Echoing through this parable is the larger story of Scripture. Over and over, God reaches out in mercy to people who don’t deserve it. Moses was a murderer. Sarah laughed at God. Jacob was a swindler. Rahab ran a brothel. David committed adultery and conspiracy to murder. Peter tried to pretend he didn’t even know Jesus. The gardener keeps working, keeps turning over the soil, pruning back dead roots, adding fertilizer, giving us chance after chance to turn our lives around, because the gardener loves each one of us and longs for us to return that love, longs for us to do the right thing.

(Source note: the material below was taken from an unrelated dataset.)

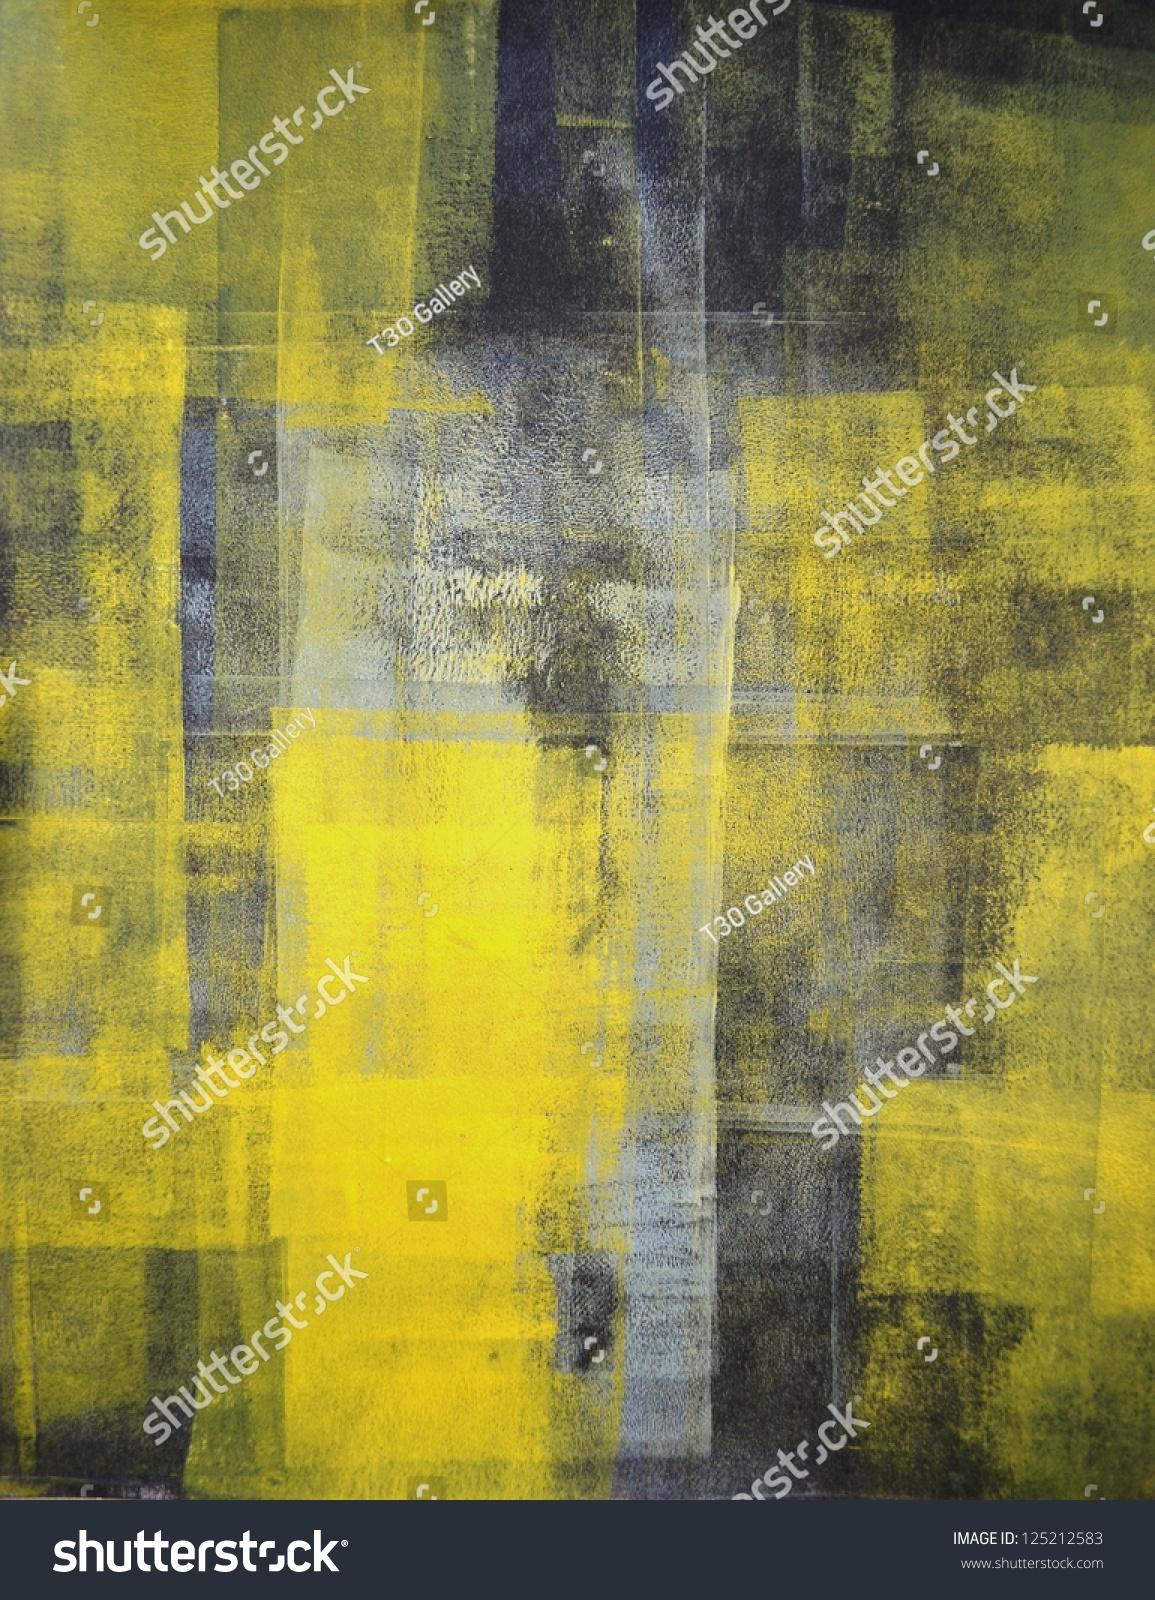 Black Yellow Abstract Art Painting Stock Photo 125212583 ... Yellow Black Abstract Paintings

The story of the fig tree doesn’t have an ending. How would you finish it? What might happen after that additional year of nurturing? If the tree starts to bear fruit, well and good, but what if it is still barren? Will the gardener give up on it, or will he argue with the landowner again, maybe bargaining for yet another chance. Might he even offer to give his own life and nourish the tree with his blood?
We don’t know what the future holds, for each of us, for our church, for our country. But that should not stop us from working for the future we believe God wants for us, the best future possible. So we will keep on, doing the right thing, practicing mercy, offering everything we can to nurture and strengthen the world around us, trusting in the good gardener to bring about the growth and fruitfulness that lies within each of us.